_Task brief_: What you write must match the records exactly, except for the images, which are left out.

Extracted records
= = = = = = =

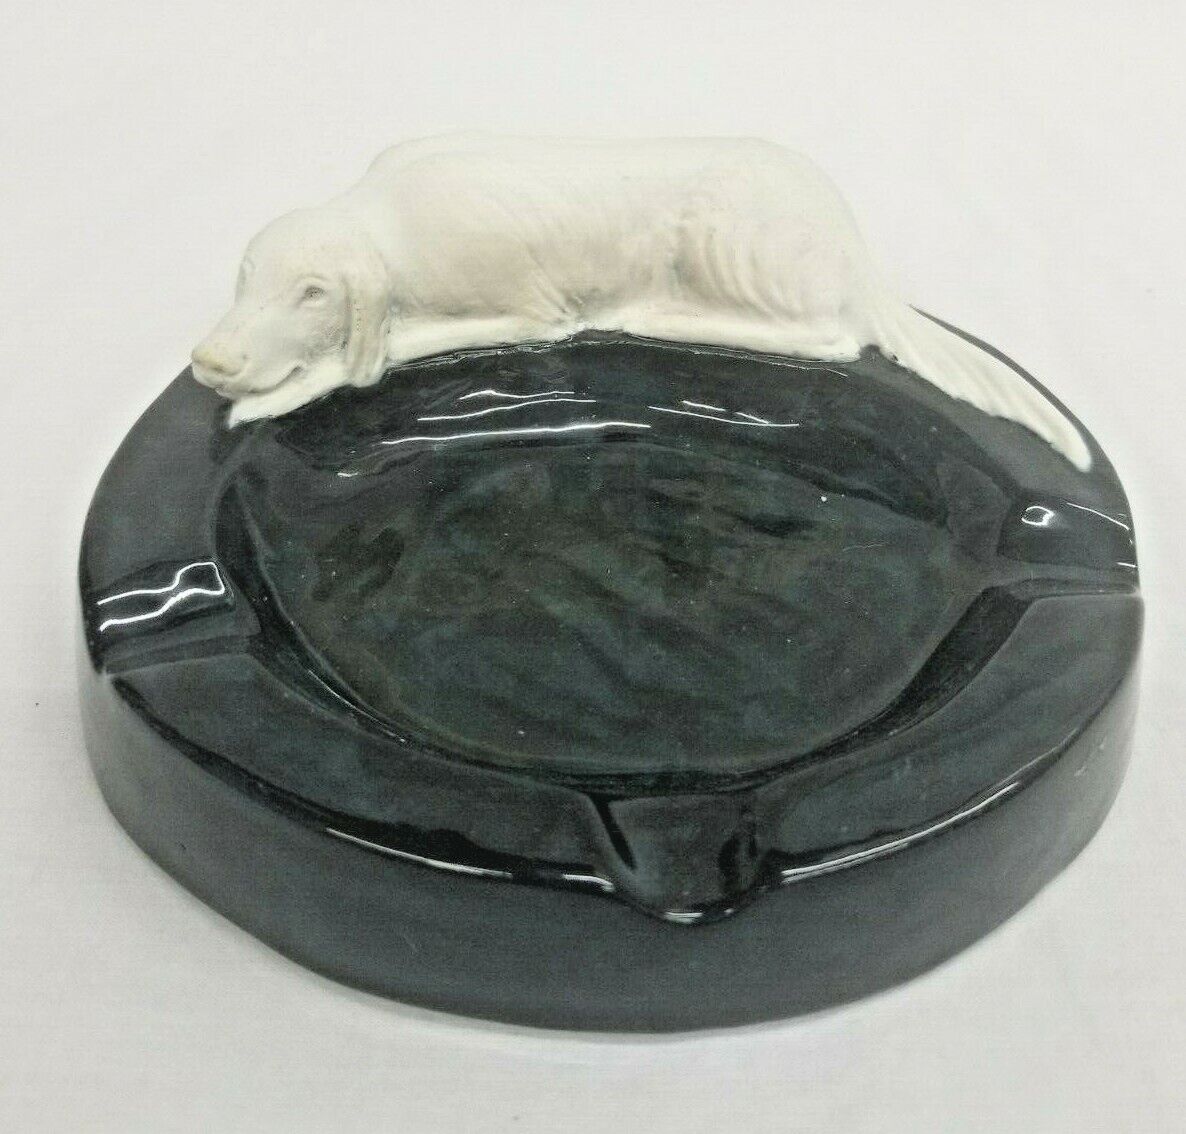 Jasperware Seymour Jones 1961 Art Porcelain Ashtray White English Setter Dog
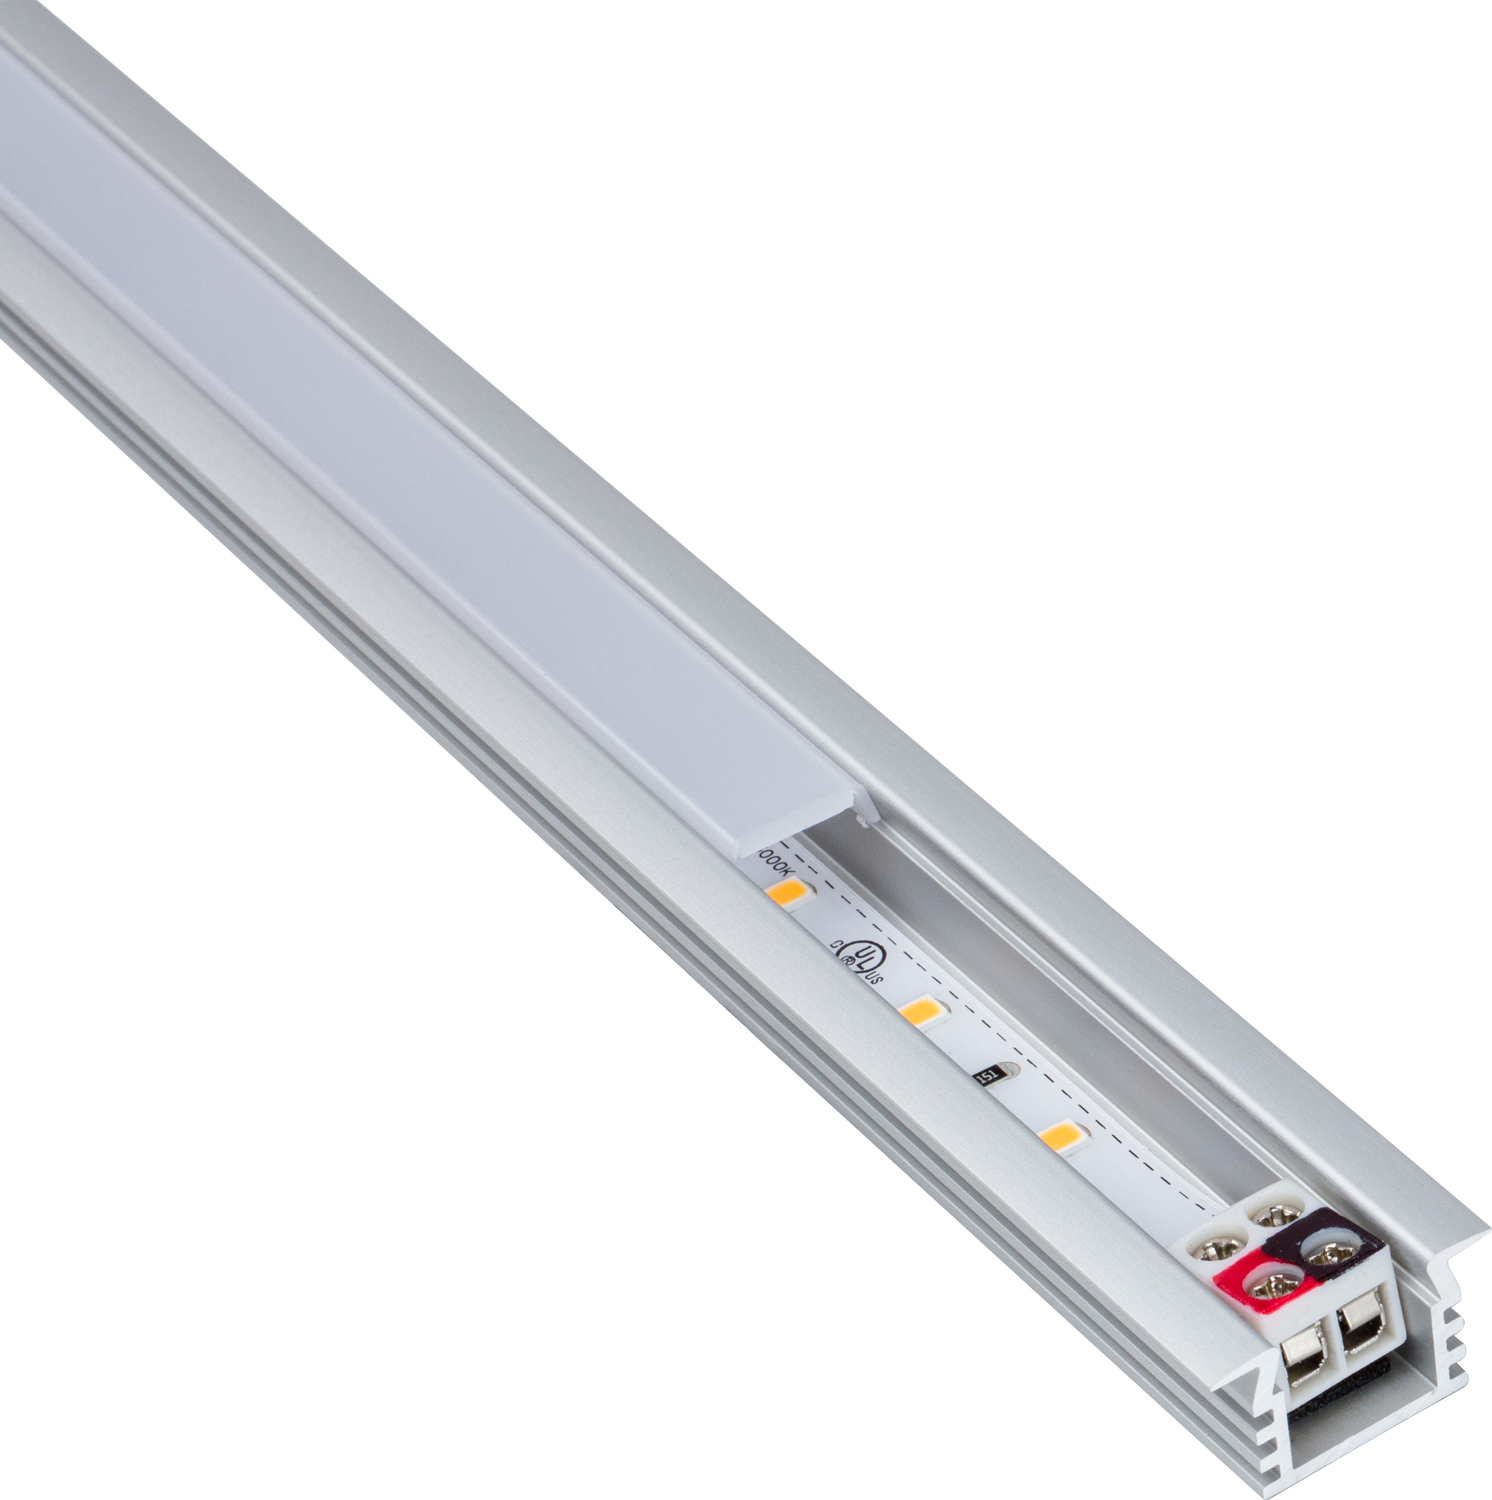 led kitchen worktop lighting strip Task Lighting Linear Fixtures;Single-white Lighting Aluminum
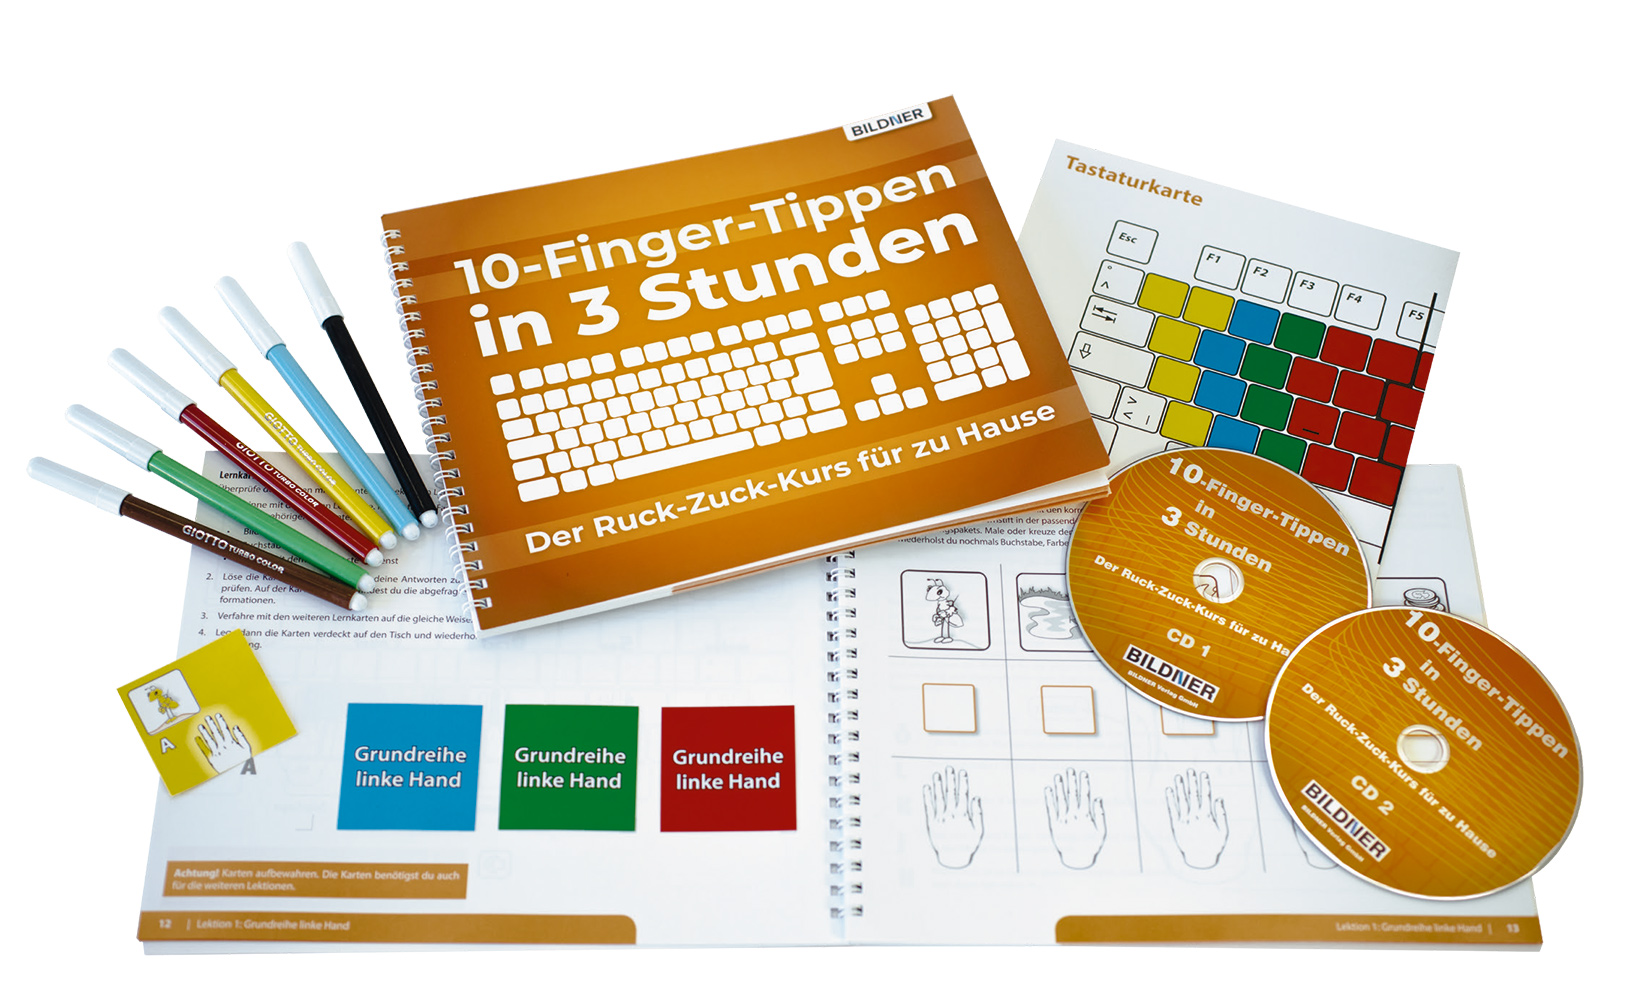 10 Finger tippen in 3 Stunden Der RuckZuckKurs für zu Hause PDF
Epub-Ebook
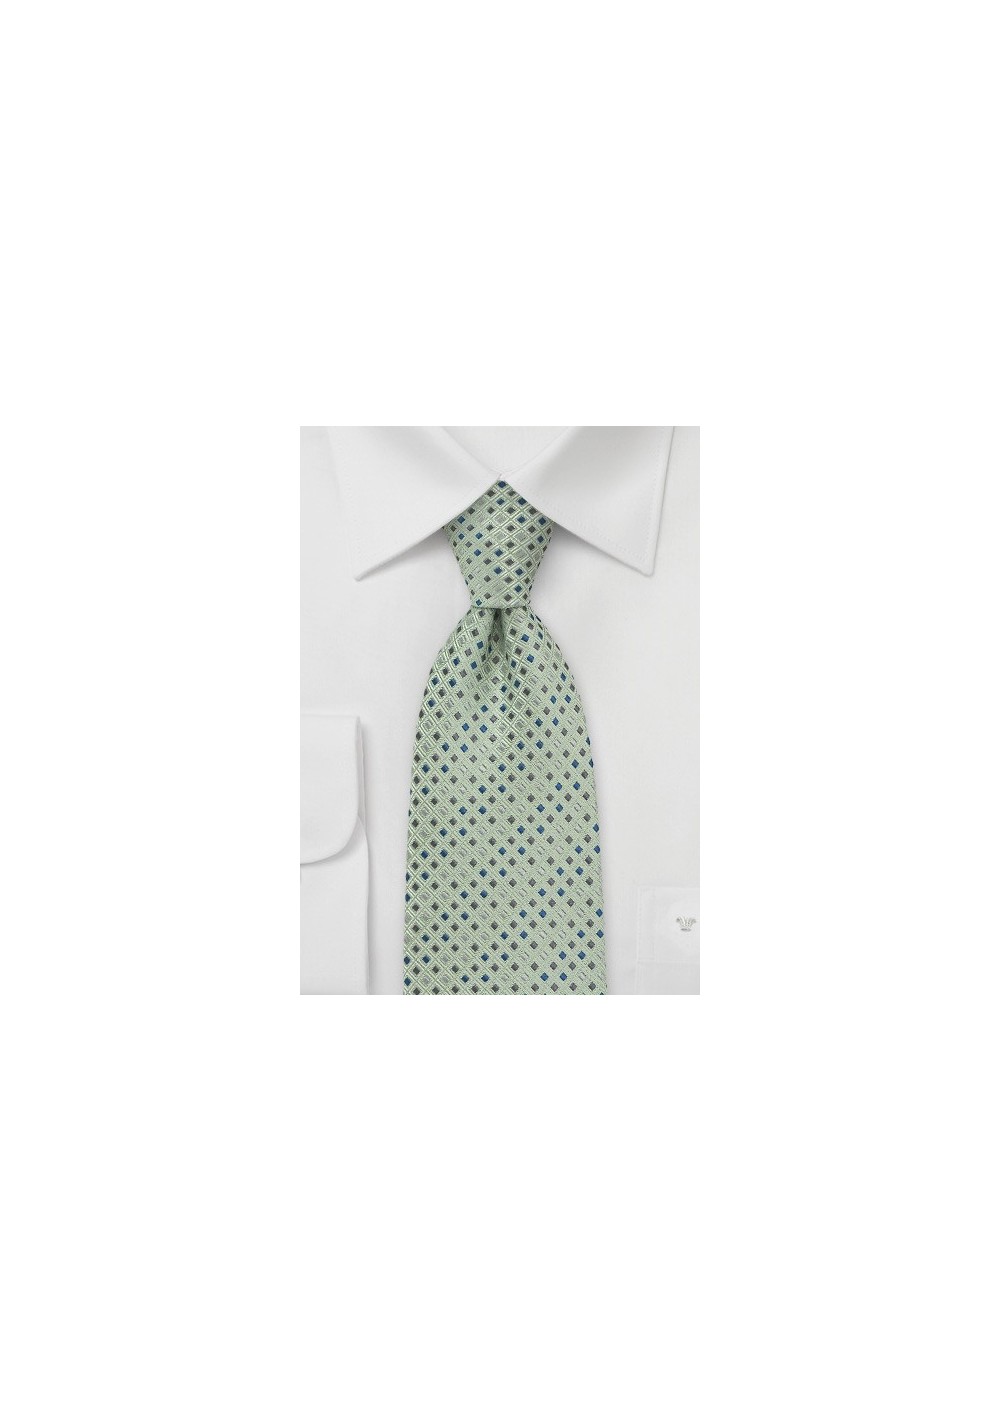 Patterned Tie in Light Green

= = = = = = =

_Solution_:
 Jasperware Seymour Jones 1961 Art Porcelain Ashtray White English Setter Dog
 led kitchen worktop lighting strip Task Lighting Linear Fixtures;Single-white Lighting Aluminum
 10 Finger tippen in 3 Stunden Der RuckZuckKurs für zu Hause PDF
Epub-Ebook
 Patterned Tie in Light Green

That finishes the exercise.